• **PROVIDED MATERIAL**
-- -- --

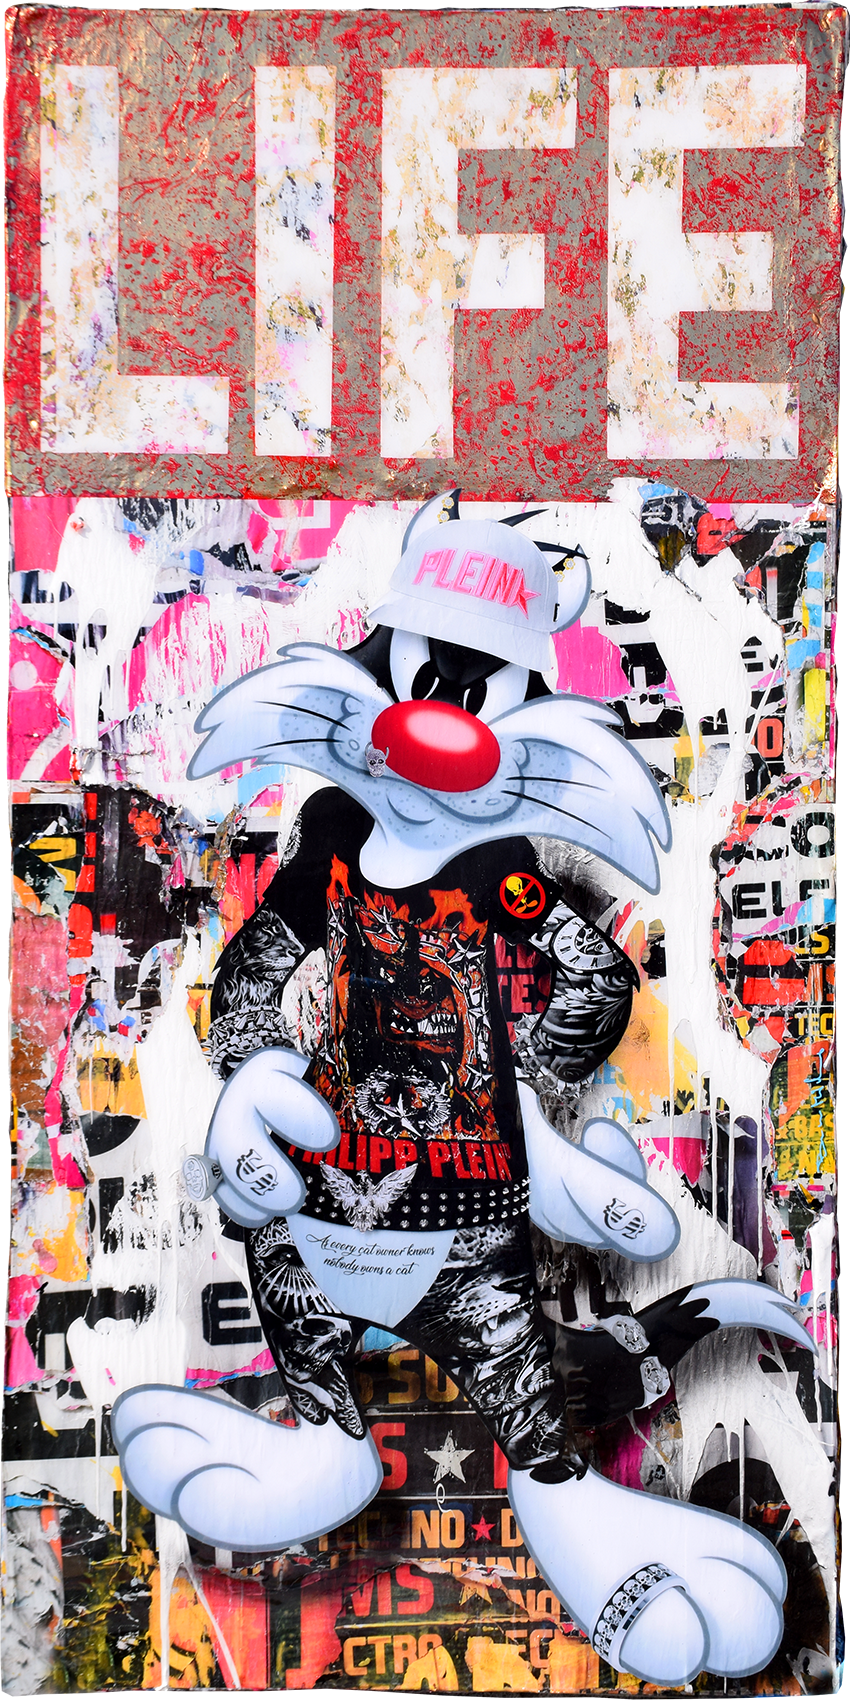 Bram Reijnders - Sylvester (LIFE) , 8031-012-083
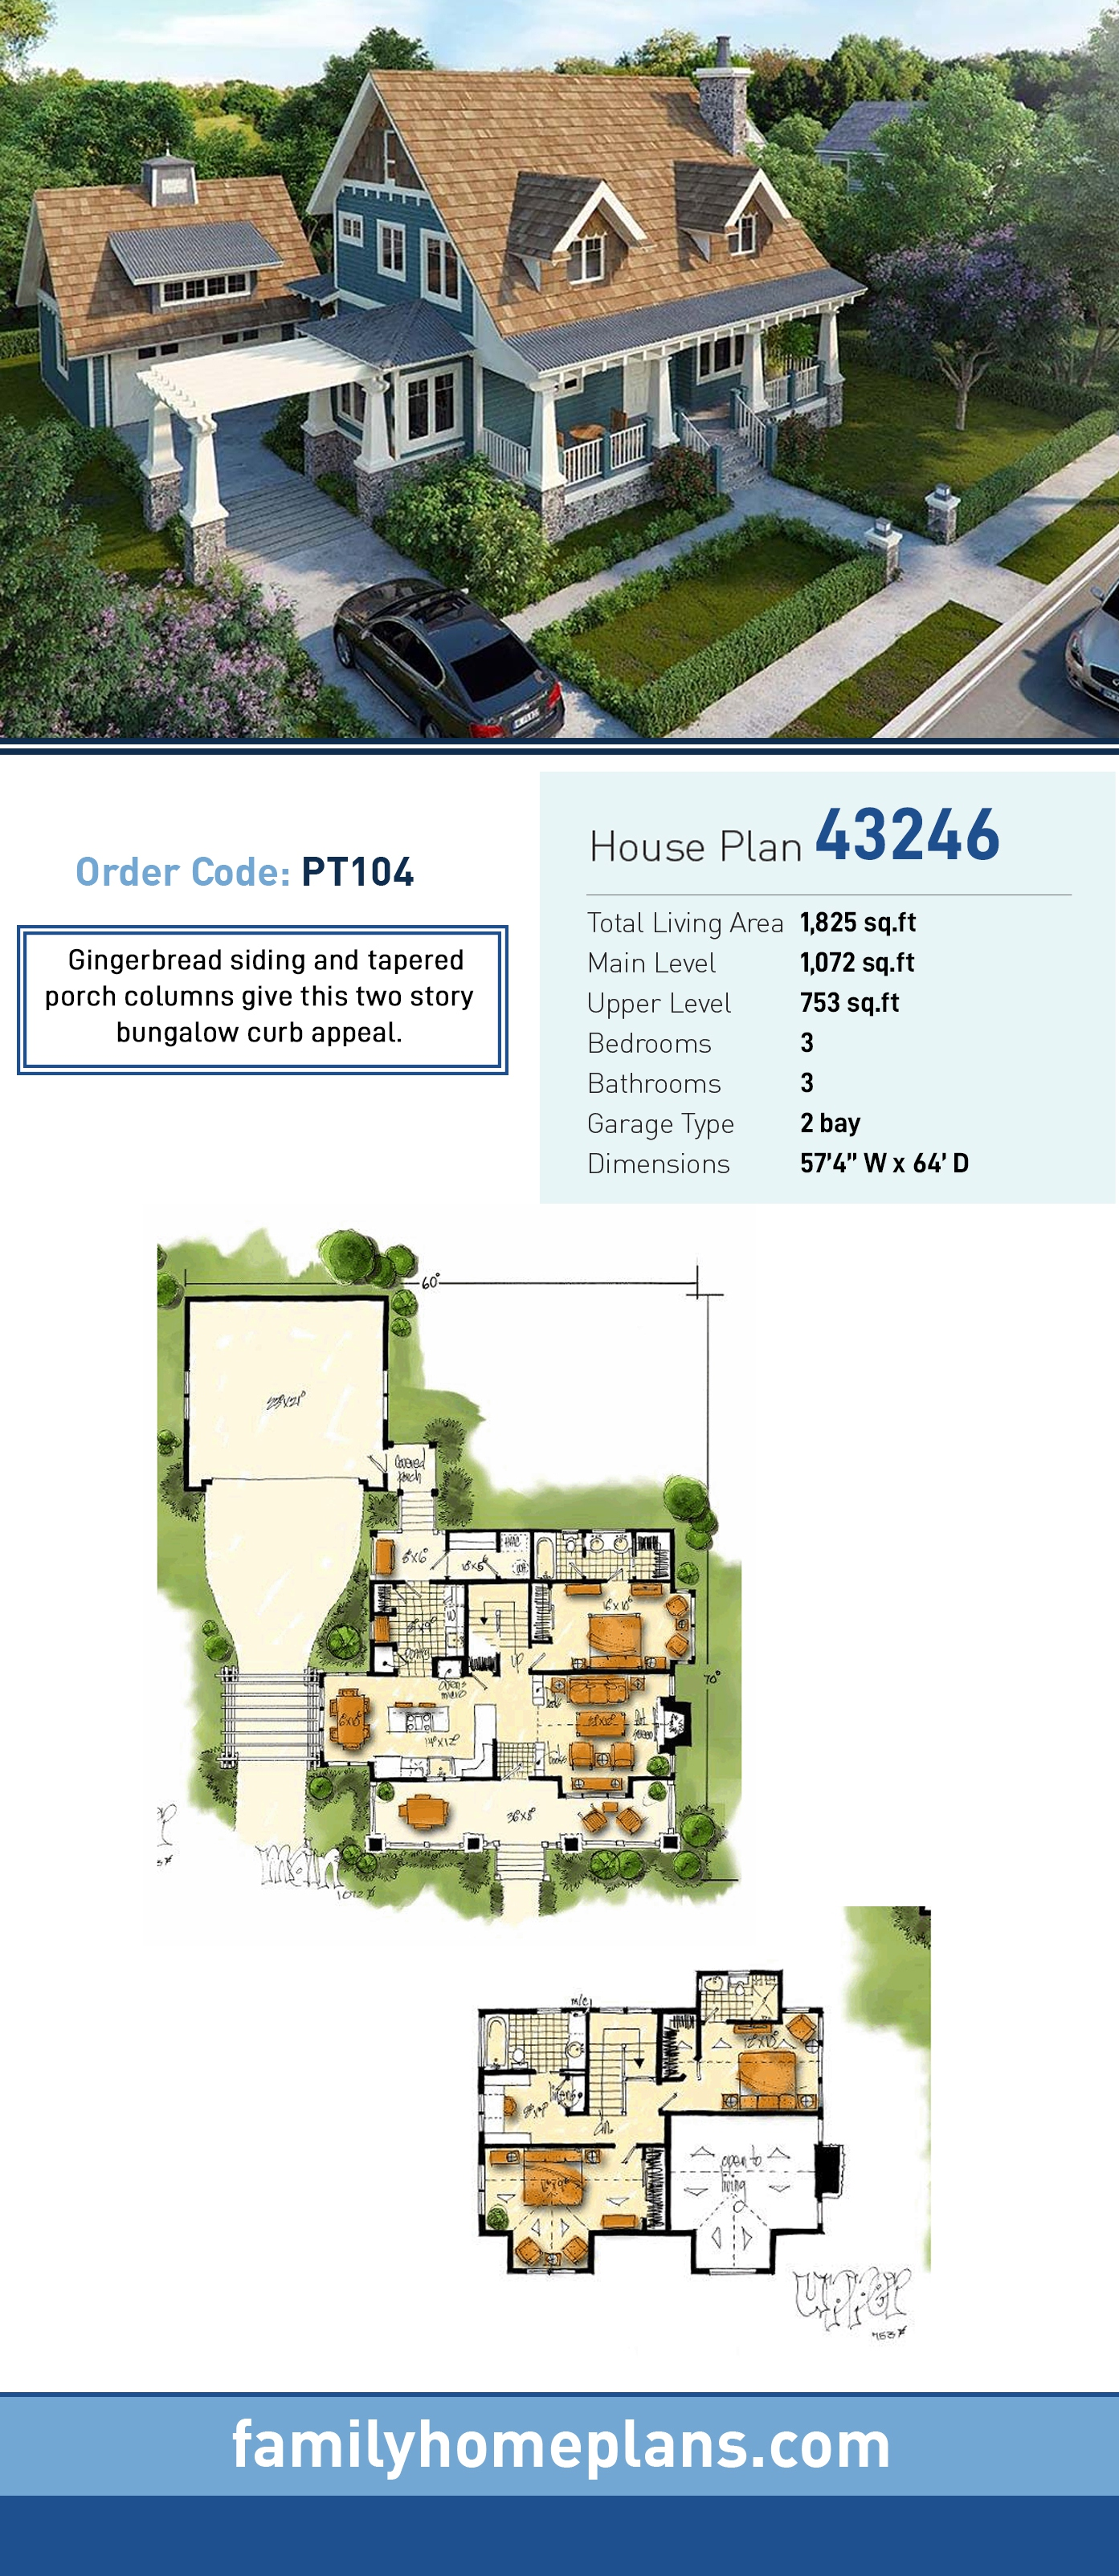 Bungalow , Cottage , Craftsman House Plan 43246 with 3 Beds, 3 Baths, 2 Car Garage
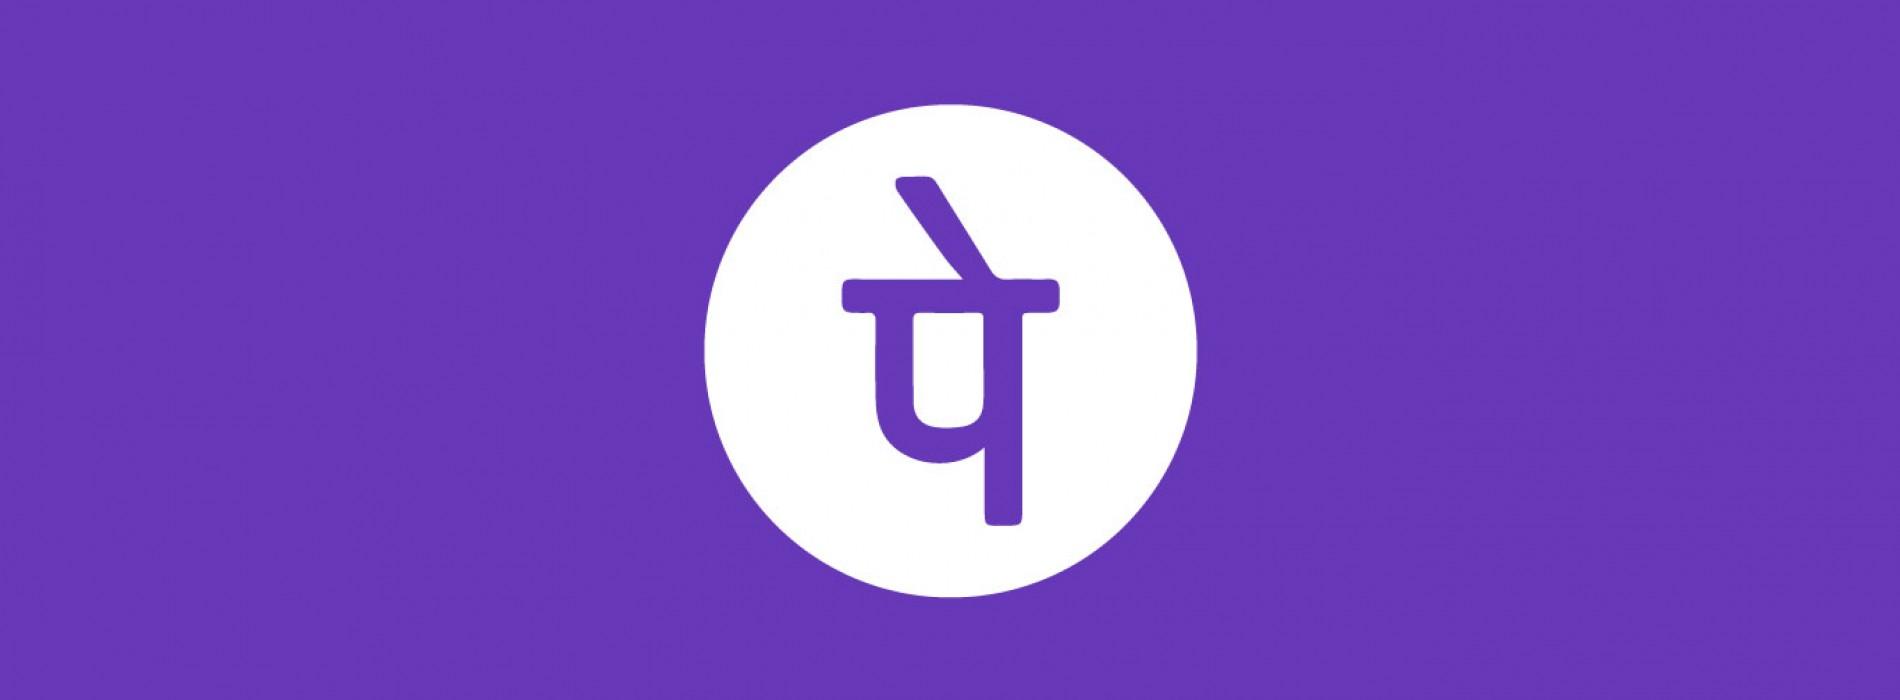 Goibibo announces partnership with PhonePe

-- -- --

• **EXERCISE**
Write out, word for word, the lines running from the one containing "Bungalow , Cottage" to the end of the data above; the pictures are to be left out.

• **EXPECTED OUTPUT**
 Bungalow , Cottage , Craftsman House Plan 43246 with 3 Beds, 3 Baths, 2 Car Garage
 Goibibo announces partnership with PhonePe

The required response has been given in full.